Cook up a succulent bowlful of soy-glazed aubergine to serve with sticky sushi rice, vegetable slaw and an umami-rich, Japanese-style dressing. Oishii (delicious)!

35 mins
598kcal
Japanese
Soy-Glazed Aubergine With Japanese-Style Slaw
4.5

Ingredients for 2 people

Cooking for 3? 1 and a half for each ingredient Cooking for 4? Double each ingredient

Mayonnaise (25ml)
Mayonnaise (25ml)
Aubergine
Aubergine
Sugar snap peas (80g)
Sugar snap peas (80g)
Garlic clove
Garlic clove
Soy sauce (30ml)
Soy sauce (30ml)
Apple
Apple
Tahini (15g)
Tahini (15g)
Cornflour (1tsp)
Cornflour (1tsp)
Sushi rice (150g)
Sushi rice (150g)
Rice vinegar (15ml)
Rice vinegar (15ml)
Carrot x2
Carrot x2
Red chilli
Red chilli
Pak choi (200g)
Pak choi (200g)
Honey (25g)
Honey (25g)

You'll also need

Pepper, Salt, Vegetable oil, Water (or dietary alternatives)

Cooking instructions

Instructions for 2 [for 3] [for 4] portion recipe.

1.

Preheat the oven to 200°C/ 180°C (fan)/ gas 6

Rinse your sushi rice in a sieve under cold water for 30 secs (use your hands to really wash the grains!), then set aside to drain fully

Add the drained rice with 200ml [300ml] [400ml] cold water to a pot with a lid and bring to the boil over a high heat

Step 1
2.

Once the rice is boiling, reduce the heat to low until very gently bubbling and cook, covered, for 15 min

After 15 min, remove the pot from the heat and keep covered for a further 10 min before serving – this is your sticky rice

Tip: Don't peek!
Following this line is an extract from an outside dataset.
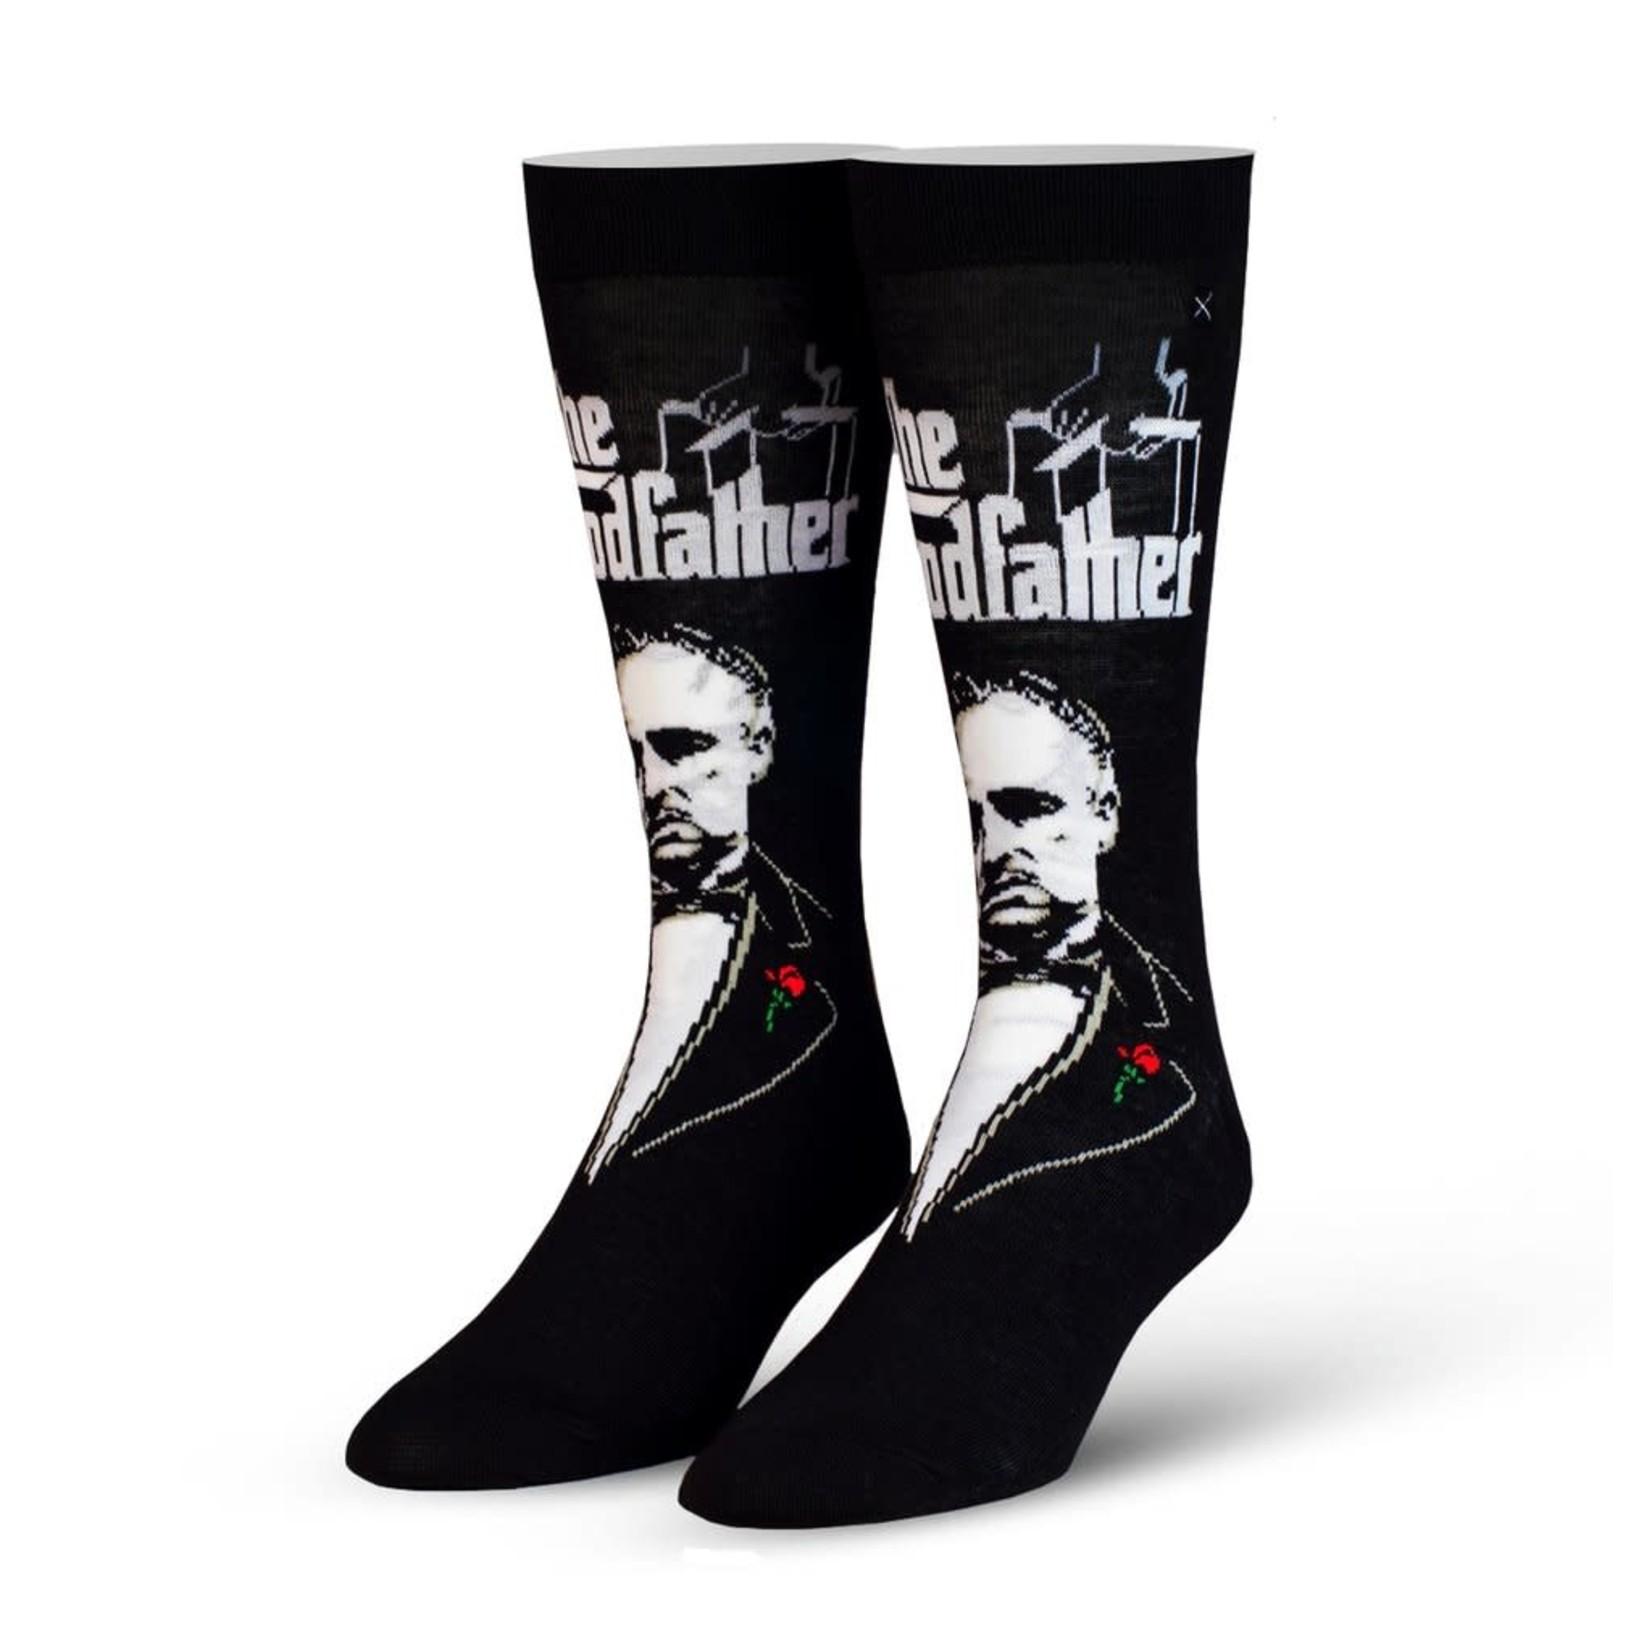 Socks (Unisex) - The Godfather Vito

Keep the lid on the whole time for fluffy and sticky rice!

Step 2
3.

While the rice is cooking, combine your cornflour with your soy sauce and honey in a bowl – this is your soy sauce glaze

Slice your red chilli[es] finely

Chop off and discard the roots from your pak choi, separate the leaves and give them a wash, then pat dry with kitchen paper

Step 3
4.

Cut your aubergine[s] in half lengthways, then score the flesh in a criss-cross pattern, taking care not to cut through to the skin

Transfer the scored aubergine to a tin foil-lined baking tray (or two!) then drizzle with vegetable oil and half of the soy sauce glaze (save the rest for later!)

Put the tray[s] in the oven for 25-30 min or until the aubergine is tender – this is your soy-glazed aubergine

Step 4
5.

Meanwhile, peel and finely chop (or grate) your garlic

Combine the chopped garlic (not a fan of raw garlic? Just add a little!), tahini, mayo and rice vinegar in a large bowl

Season with salt and pepper – this is your Japanese-style dressing

Step 5
6.

Top, tail, peel and grate your carrot[s]

Slice your apple[s] finely, then chop into matchsticks (discard the core!)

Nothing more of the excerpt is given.